13th Children of Krakow Infantry Regiment (Polish language: 13 Pulk Piechoty Dzieci Krakowa, 13 pp) was an infantry regiment of the Polish Army. It existed from 1918 until 1939. Garrisoned first in Krakow, then in Krzemieniec and in 1921 - 1939 in Pultusk, the unit belonged to the 8th Infantry Division from Modlin.

Beginnings  
The regiment was formed on November 7, 1918, in the village of Madefalda, located in Hungarian Transilvania. On that day, soldiers of the Austro-Hungarian 13th Infantry Regiment, which consisted mostly of ethnic Poles (80%), decided to turn their unit into the 13th Polish Infantry Regiment. 
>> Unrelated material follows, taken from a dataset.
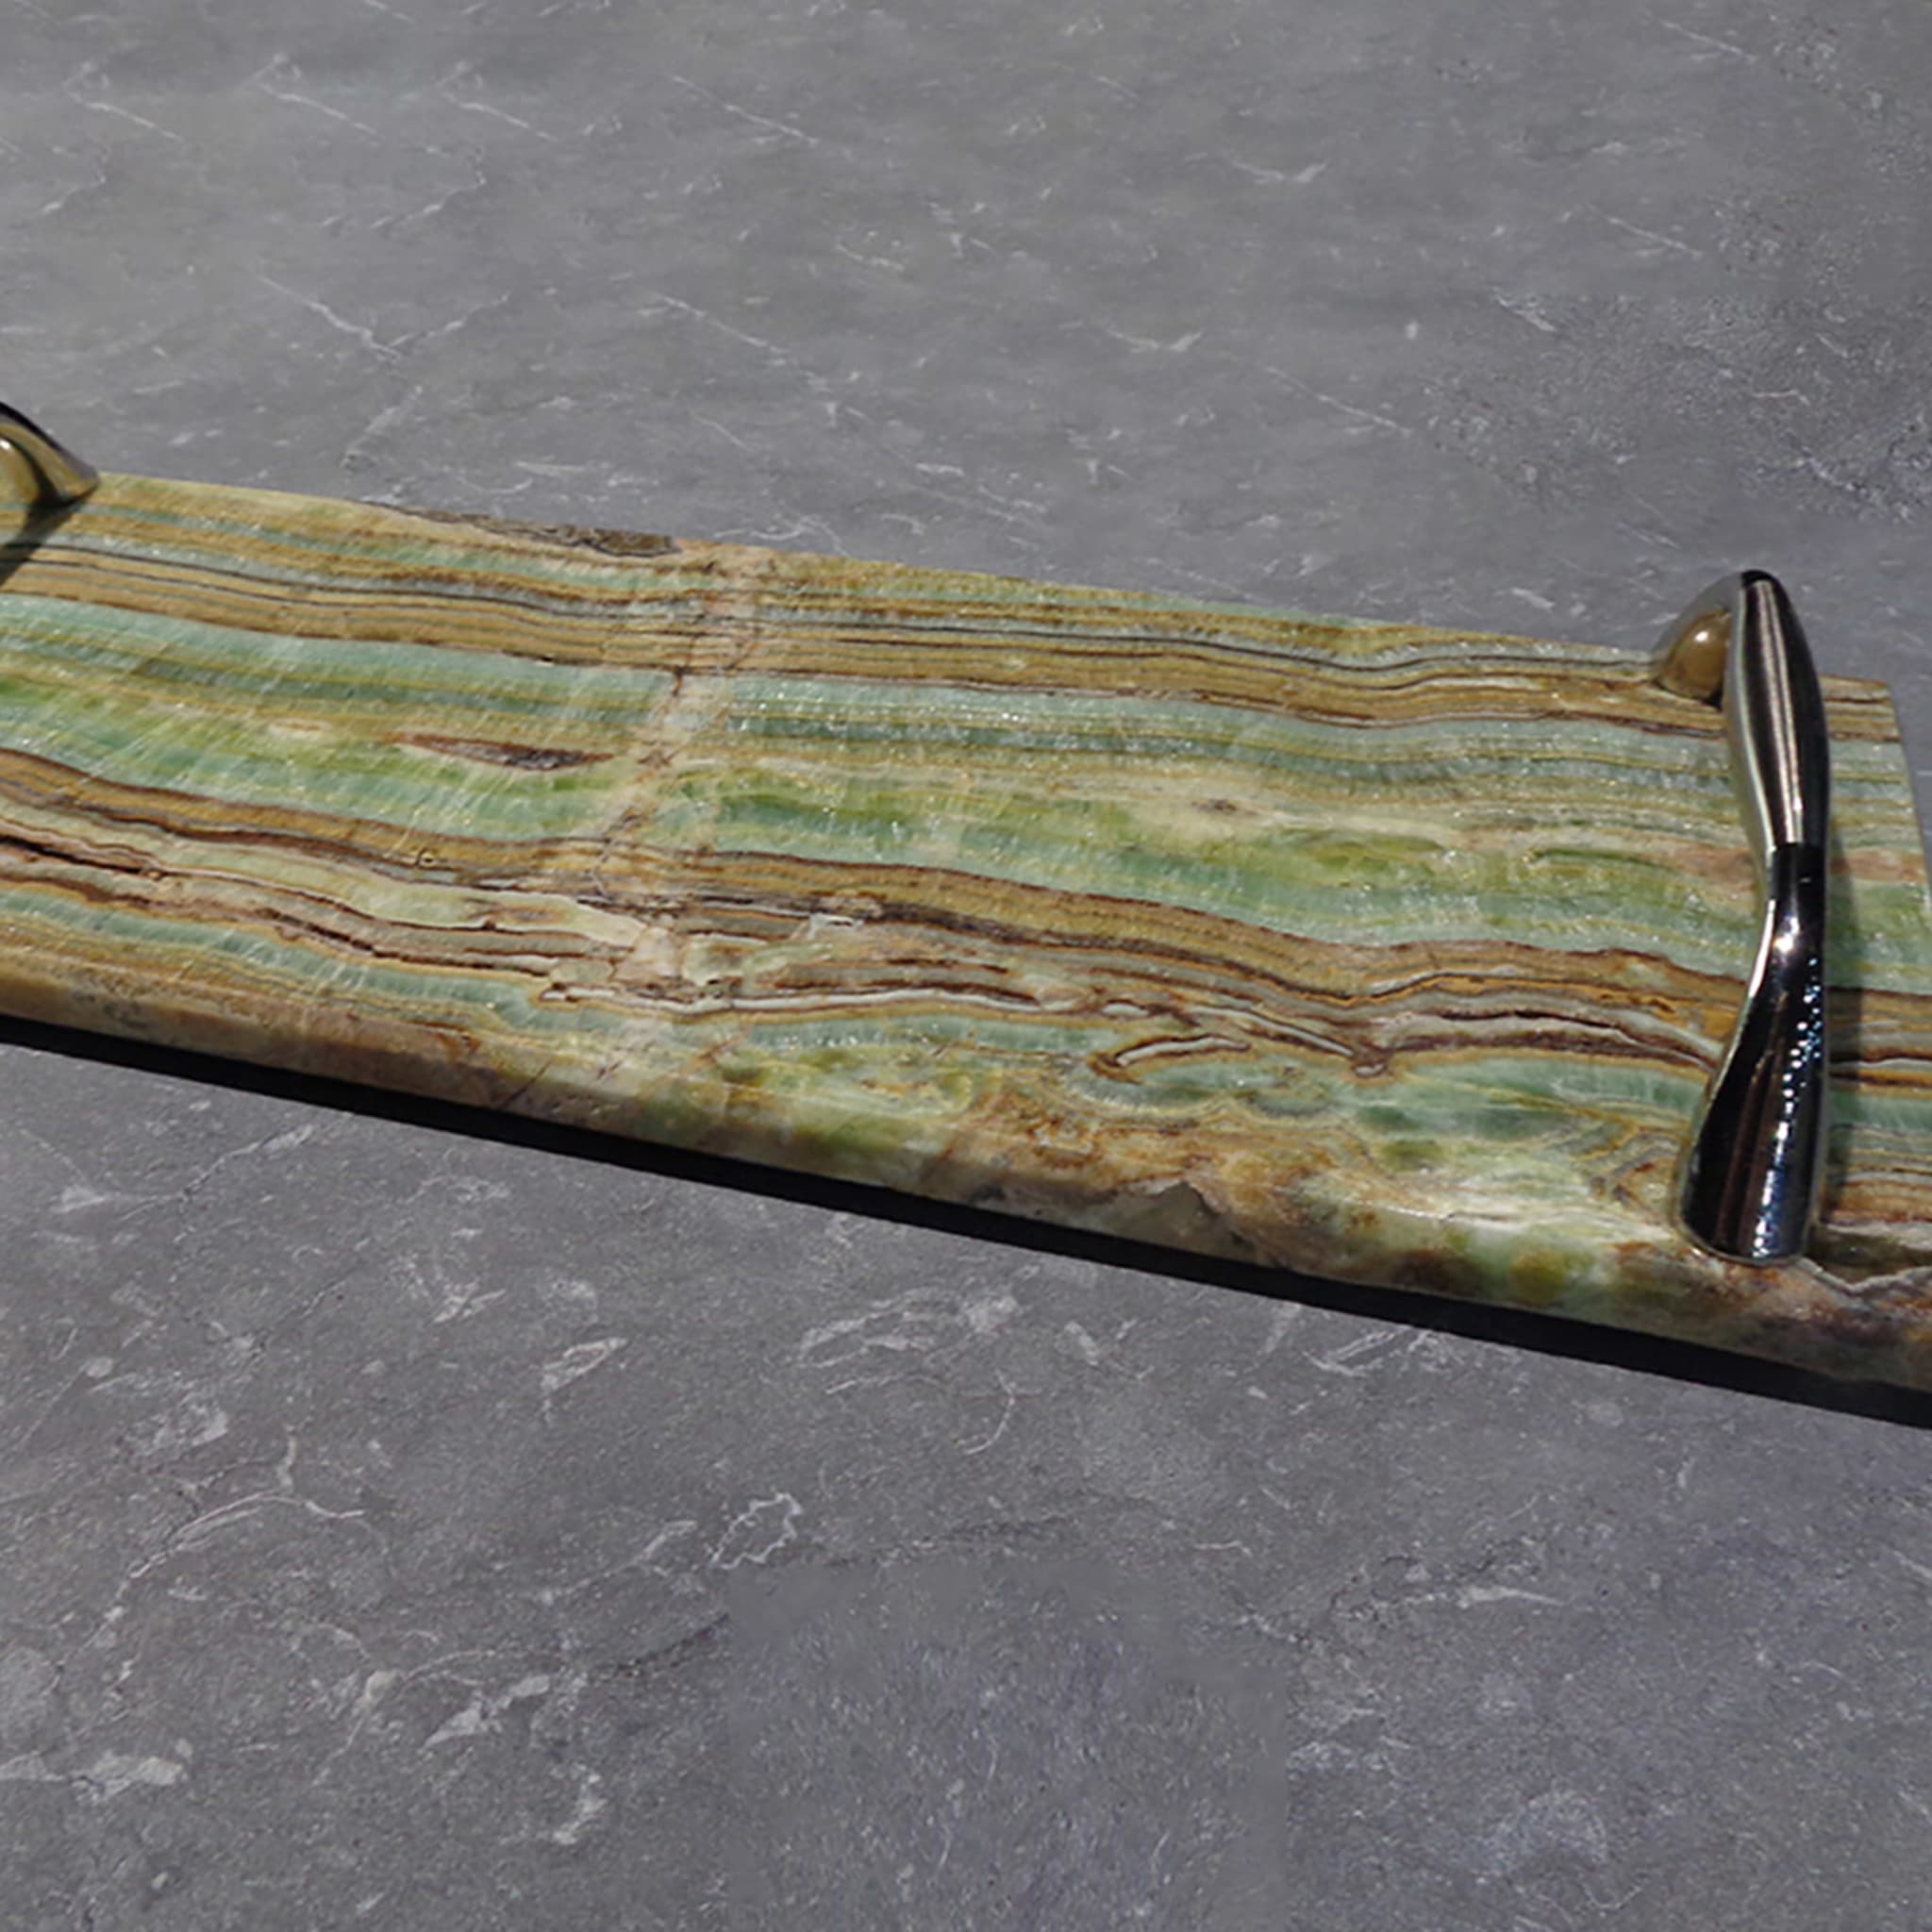 Rectangular Emerald Onyx Tray with Steel Handles #2 - Alternative view 2

On November 13, the unit reached Krakow by rail, without its weapons and food, which had been taken from them by the Czechs and the Hungarians. At the same time, reserve battalion of the Austro-Hungarian 13th Infantry Regiment, stationed in Olomouc, also pledged its allegiance to the newly restored Poland, and brought to Krakow its money, weapons, ammunition and uniforms. 

Following the order of the Polish Military Command of Krakow (Polska Komenda Wojskowa), the 8th Infantry Regiment, consisting of Poles who had served in Austro-Hungarian forces, was formed in mid-November 1918. The new unit took the barracks of King Jan III Sobieski, and pledged allegiance to Poland in late November in Wawel Castle. On February 8, 1919, the regiment, renamed into the 13th Infantry Regiment, was sent to Lwow, to fight in the Polish-Ukrainian War.

Wars of 1919 - 1921  
During the Polish-Soviet War, the regiment, which belonged to the 8th Infantry Division, was part of the XV Infantry Brigade. On August 14, 1920, it attacked Soviet positions near Ossow (see Battle of Ossow). 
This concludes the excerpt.